読者の皆様、初めまして本作をお取りいただきありがとうございます。

マンガからいらっしゃった読者の皆様、原作を調べてくださり感謝いたします。

また既にお読みいただいている読者の皆様、いつもご愛読いただきありがとうございます。


2023年の年末にワクチンの副作用は、初回接種から三年目からが本番だと言う事実を制作会社の元副社長が公表していると知り、ひたすら生き延びる為に調べ物をしておりました。


気になる方はぜひ調べてみてください。


また身近にまだ受けられている方がいるならば止めてあげてください。


回数を重ねるほどに重体化すると各分野から発表がありますが、いまだに接種を推奨しているところが沢山あります。

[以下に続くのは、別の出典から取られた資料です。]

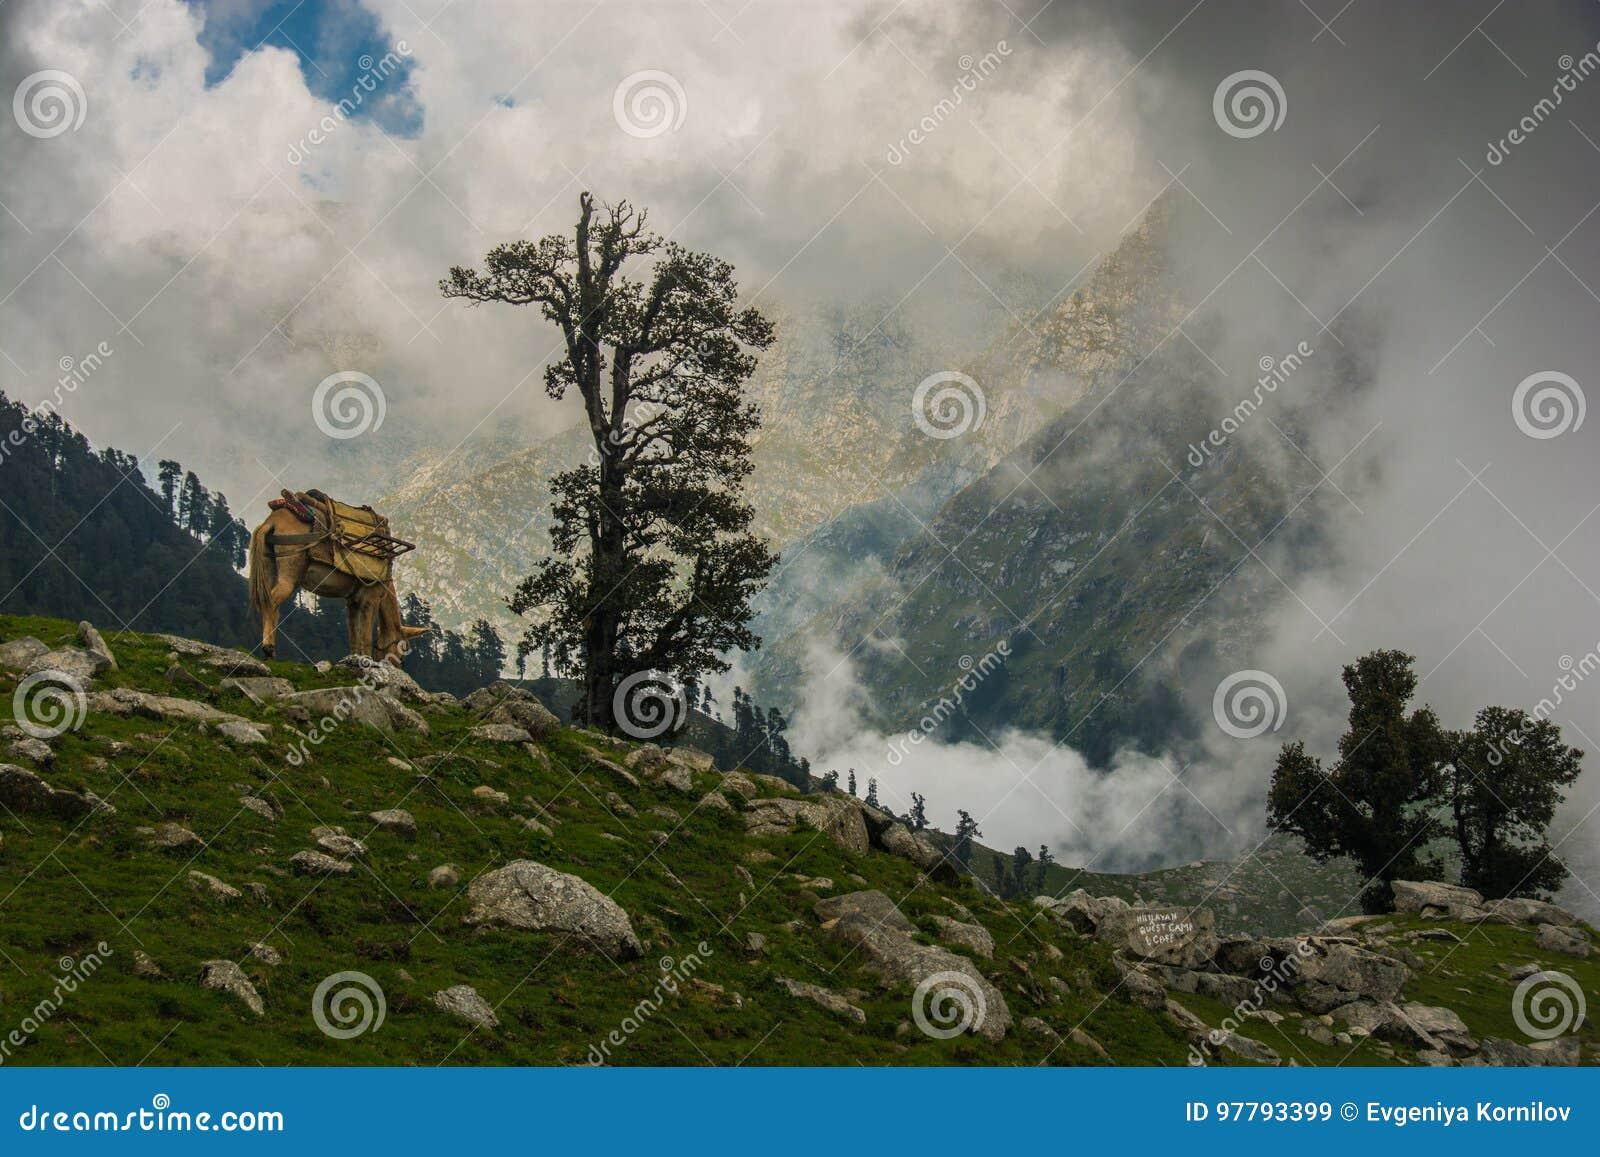 Laka i Himachal Pradesh

受けて貰えなくなると、接種した本人では無く、接種して貰えなければ人〇削減を遂行できなくて困るエライ人がいるからです。


ですからお金を積んでテレビでは放送されないように内緒にしています。


海外ではもう常識とされている内容ですが、みなさん知っていましたか?


お医者さんが言っていたから、政治家が大丈夫だと言っていたからと、信じて受けてしまった方は私や私の家族だけではないでしょう。


読者様や周りの人達にも多いのではないでしょうか。


最近、救急車で運ばれる方が多い、今現在体調を崩している、身体に違和感がある、亡くなる方が増えたと感じる方はいませんか?


私の話が嘘だと思う方はそのままで構いません。


このあとがきも、書いている物語りも全て私の自己満足に過ぎないだけですから。


少しでも沢山の方に楽しんでいただきたいのと同じで、親愛なる活字中毒(作者と同じ)の皆様に少しでも、沢山の方に生き延びて欲しいただそれだけです。

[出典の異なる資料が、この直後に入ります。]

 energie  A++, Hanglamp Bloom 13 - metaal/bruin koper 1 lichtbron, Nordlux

とりあえず、ダメ元で作者がやっている健康長生きチャレンジを載せます。日本での医学的根拠はありません。


海外の目醒めたお医者様が、自分が生きる為に見つけて伝えてくれている物も含まれます。


また井上正康先生の著書『きょうから始めるコロナワクチン解毒17の方法』もオススメします。


あなたの人生です。判断は自己責任でお願いいたします。


赤信号(命の危機)を皆んなで仲良く渡った結果が、この悲しい現実です。


最後に、読者の皆様に少しでも長くご愛読いただける様に自分で出来る対策のお裾分けです。


緑茶、納豆、パイナップル、レモンなどの柑橘類、梅干し、ウコン、ニコチンガム、日本酒、竹炭、松葉茶パウダー、CMCスタビライザー

無添加食品類


少しだけ抜け毛が減りました。


今後も引き続きよろしくお願いします。